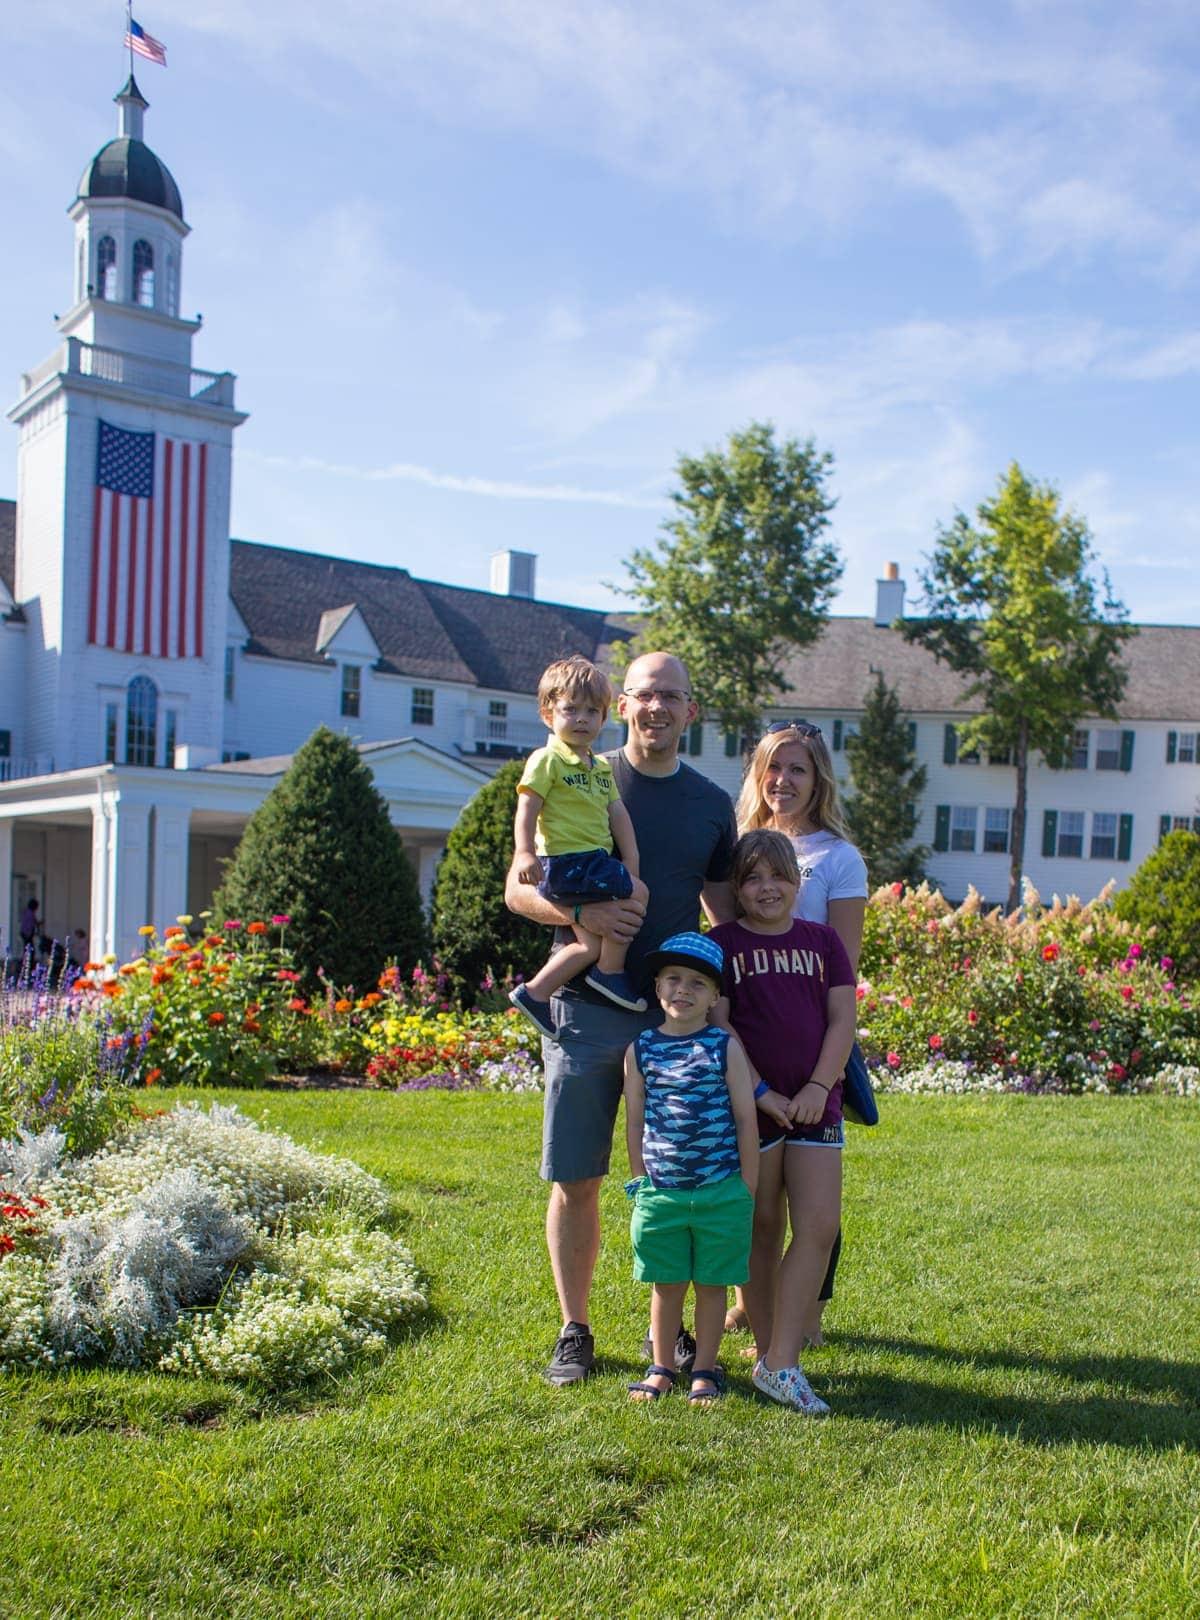 Brennan family standing in a grassy yard
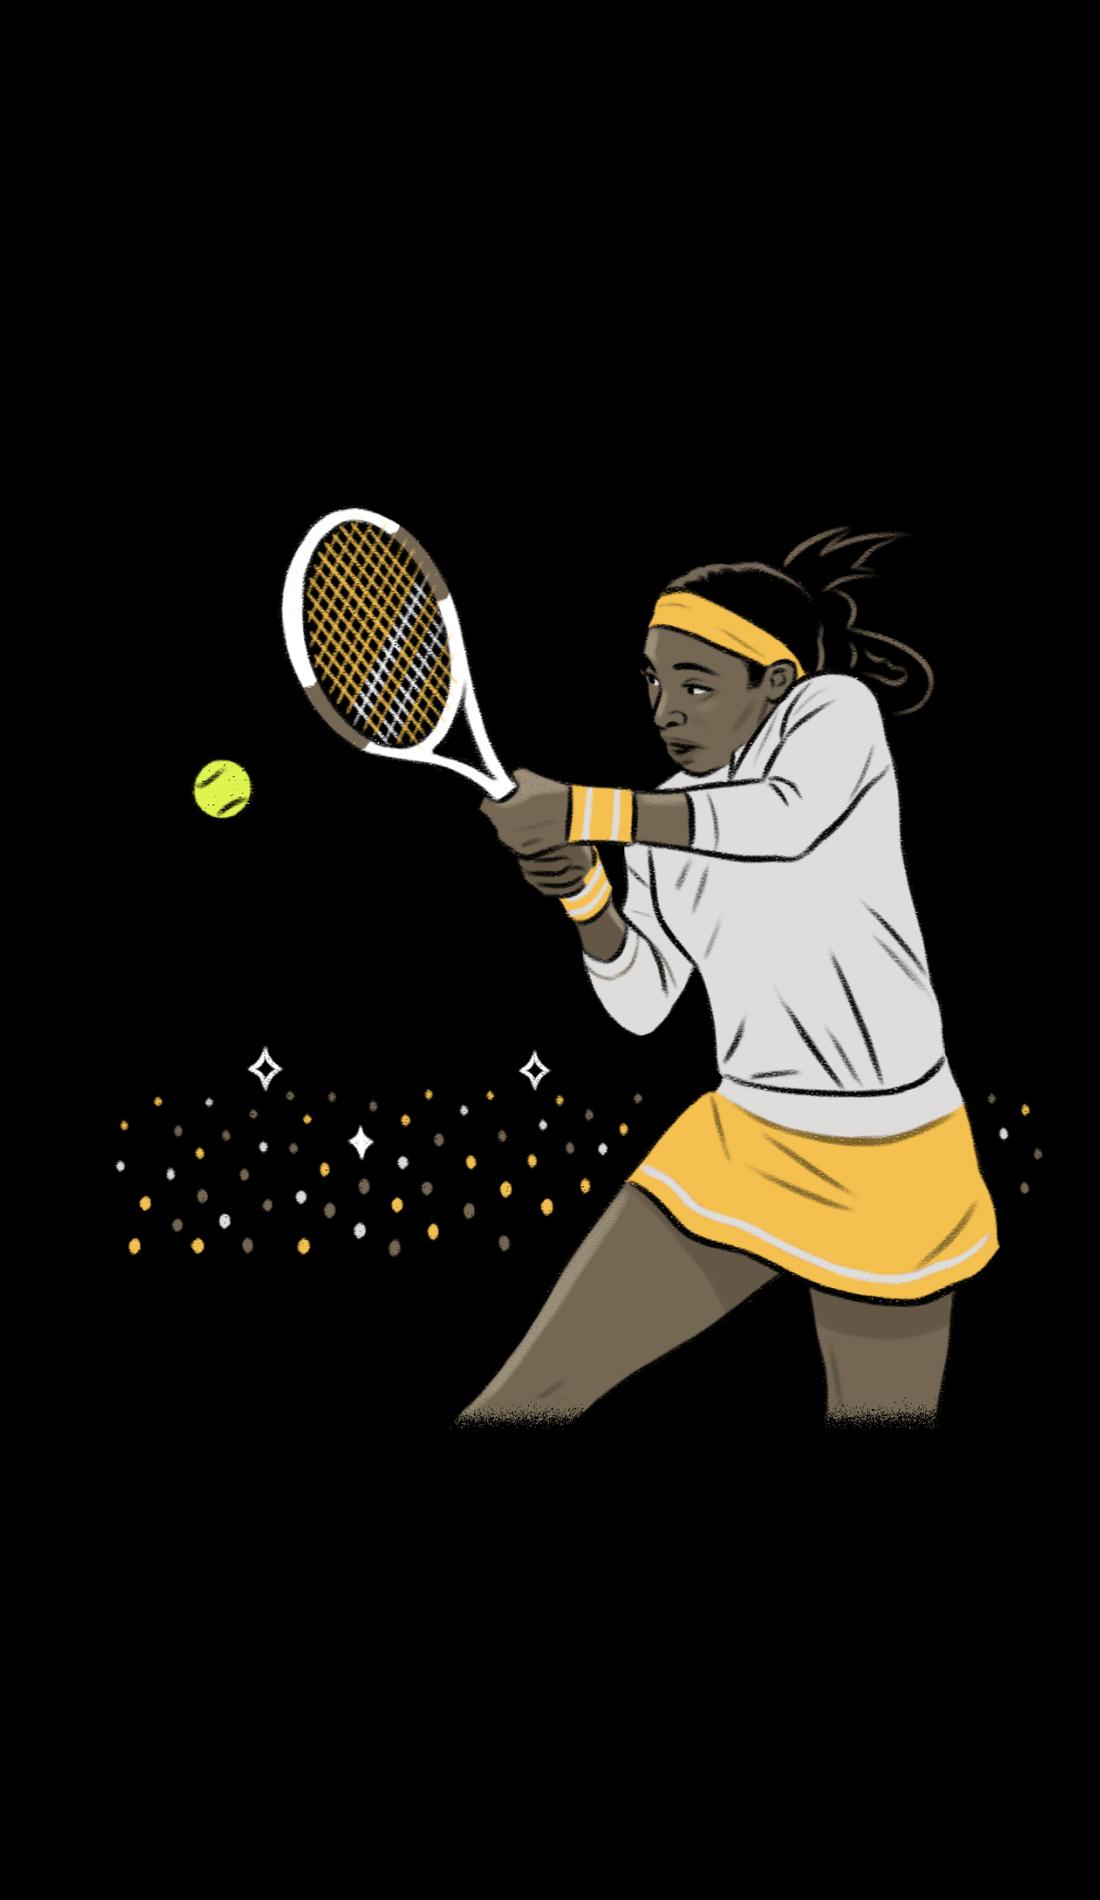 A LA Tennis Open live event
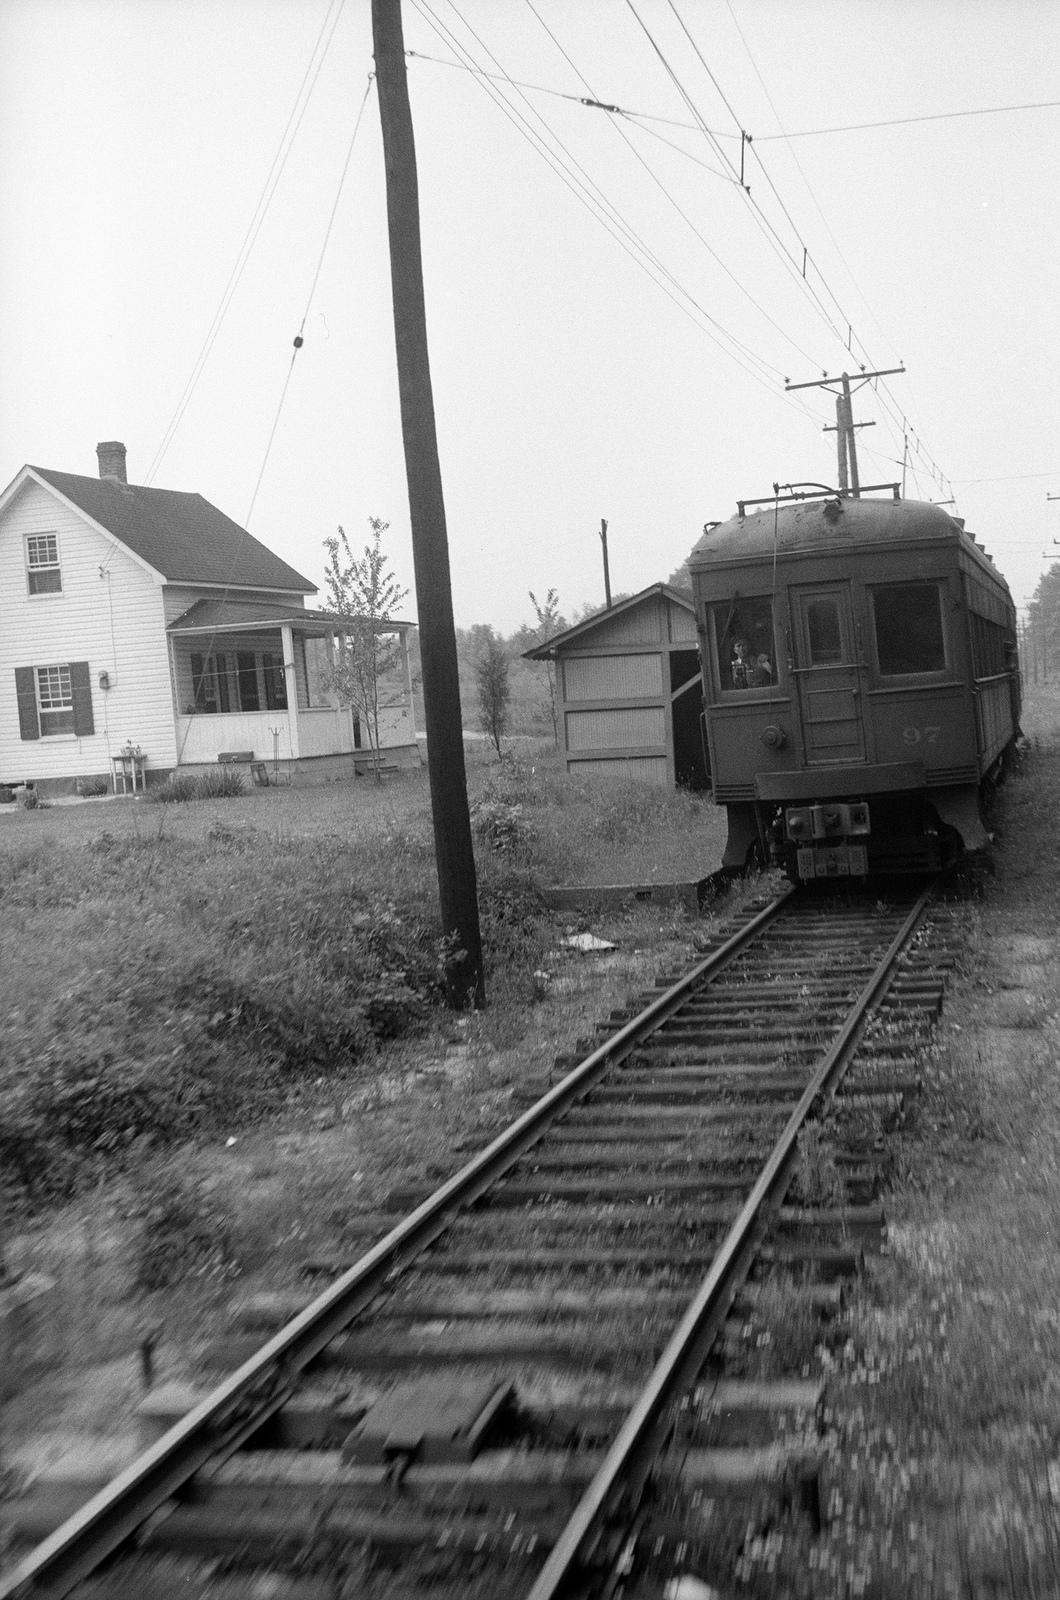 Baltimore &Annapolis Railroad Car #97 passing Marley Station. Maryland Circa 1940's. Source: Hugh Hayes Collection.

==============================

● EXERCISE:
Would you retype all the lines shown above, exactly as written and without any picture?

● OUTPUT FOR THIS TASK:
 Brennan family standing in a grassy yard
 A LA Tennis Open live event
 Baltimore &Annapolis Railroad Car #97 passing Marley Station. Maryland Circa 1940's. Source: Hugh Hayes Collection.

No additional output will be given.